The nub of the changes:
My main objective is to unify the way the python interpreter looks values up in namespaces: specifically, to reduce each variant to a sequence of carefully crafted python function calls, which can then be packaged in a single function (which calls each in turn) to which the interpreter simply passes a name. Several existing types (classes, instances, modules and packages) may sensibly be subsumed into a single type of this form.
- uniformity
- spread the magic namespace protocols around
- Builtin dictionaries, lists, tuples, etc. support attribute lookup for all the names, like __getitem__, that one has to implement to mimic them; likewise, numbers and string support their __add__, __mul__ and similar attributes.
- If a module defines __call__ in its namespace, the module is callable; if a module defines __add__ in its namespace, one may perform addition on it: module + thing is evaluated as module.__add__(thing); and so on. More generally ...

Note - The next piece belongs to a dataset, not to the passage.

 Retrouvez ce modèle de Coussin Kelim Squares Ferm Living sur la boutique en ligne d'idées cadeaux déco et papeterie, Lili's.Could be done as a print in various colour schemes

- If namespace-lookup on an object yields a value in response to one of python's methods with magic names, the resulting value is interpreted as the appropriate method on that object; if a python built-in object supports the functionality associated with a magic name, then it does have the appropriate method (albeit the interpreter may short-cut using this).
- You can import from any namespace, including instances of classes. (So, e.g., os.path could be an instance of some class - it need not be a module - but we can still from os.path import join: crucially, one can re-implement a package, replacing some of its sub-modules with other objects, e.g. instances of classes, without breaking code which imports from those submodules)

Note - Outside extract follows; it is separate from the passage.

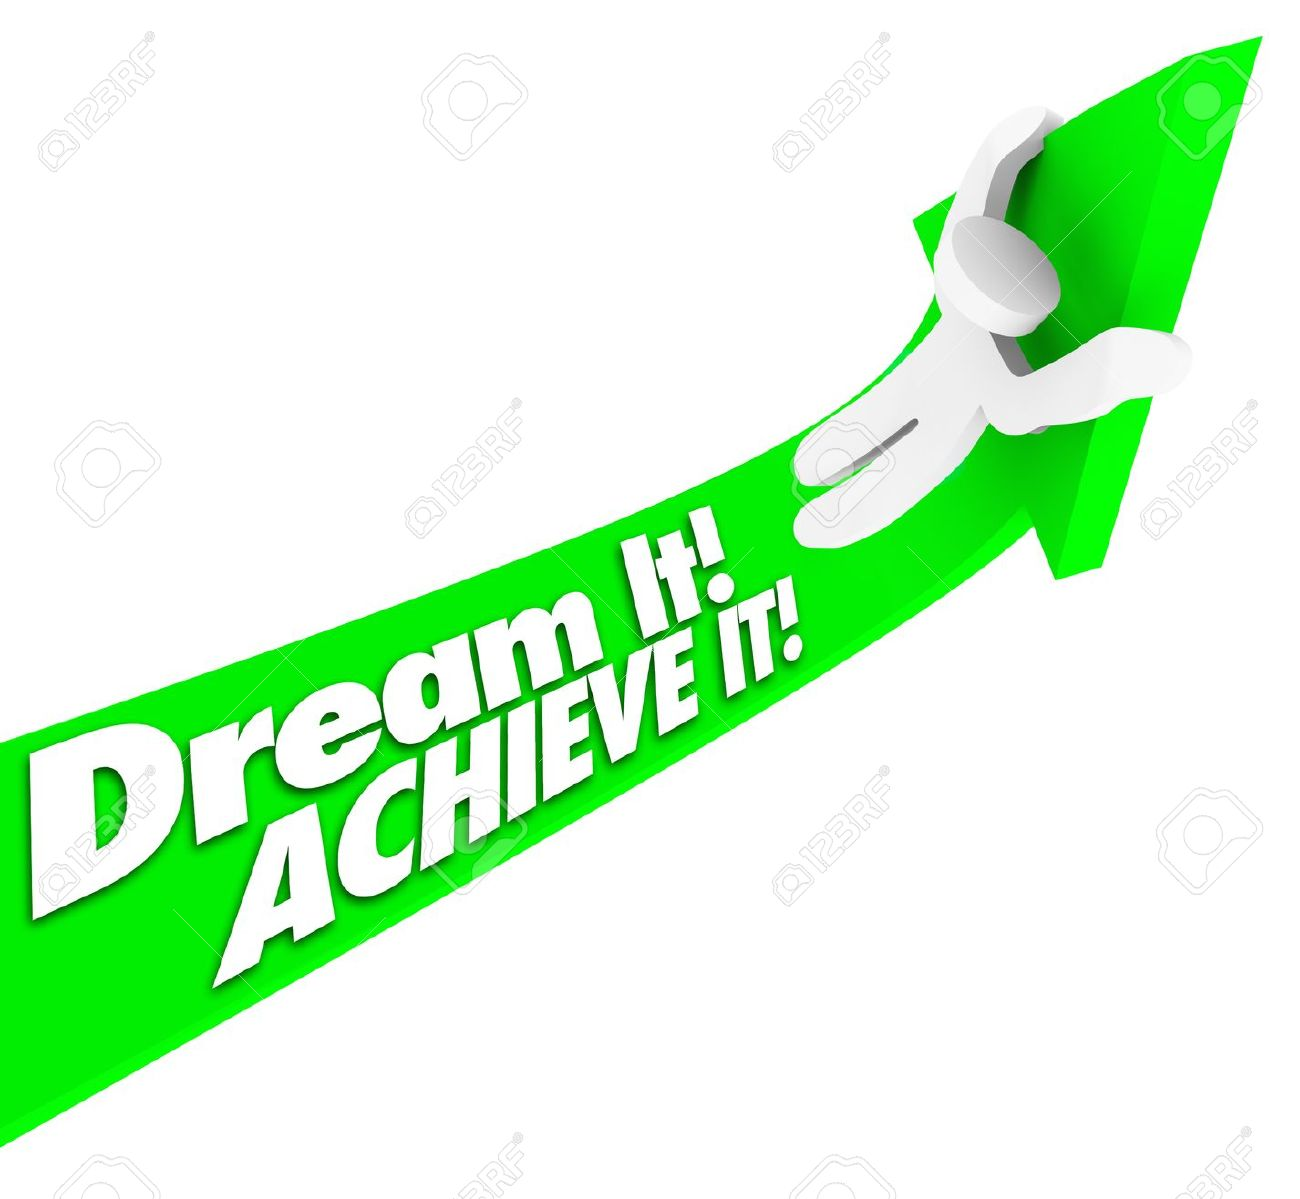 Reaching goals clipart.

- The hierarchical import namespace (i.e. packages) is `just another' variety of namespace lookup (with heavy use of laziness).
- builders
- generalise class to a more primitive tool using which class itself may be implemented
- The magic word class gets downgraded from reserved to built-in
- This built-in is a builder: a function which returns a pair
- Where python 1 allowed class, allow any builder
- builder name [ bases ] : suite
- The expressions builder and bases are evaluated; the former should yield a builder, the latter a sequence (exceptions will be raised at run-time if not).
- the builder is called with tuple(bases) (empty tuple in the absence of bases) as its argument list (and, at the interpreter's discretion, keyword arguments for stuff like __file__);
- the pair returned is read as (built-object, suite-wrapper)
- the built-object is assigned under the given name and
- the suite is executed in the namespace of suite-wrapper; name binding actions in the code become namespace modification, mediated by methods of the suite-wrapper. These methods will typically modify the built-object's namespace, though the attribute modification functionality used during the suite need not be accessible from the built-object itself - which is all we have access to once the suite's execution has completed.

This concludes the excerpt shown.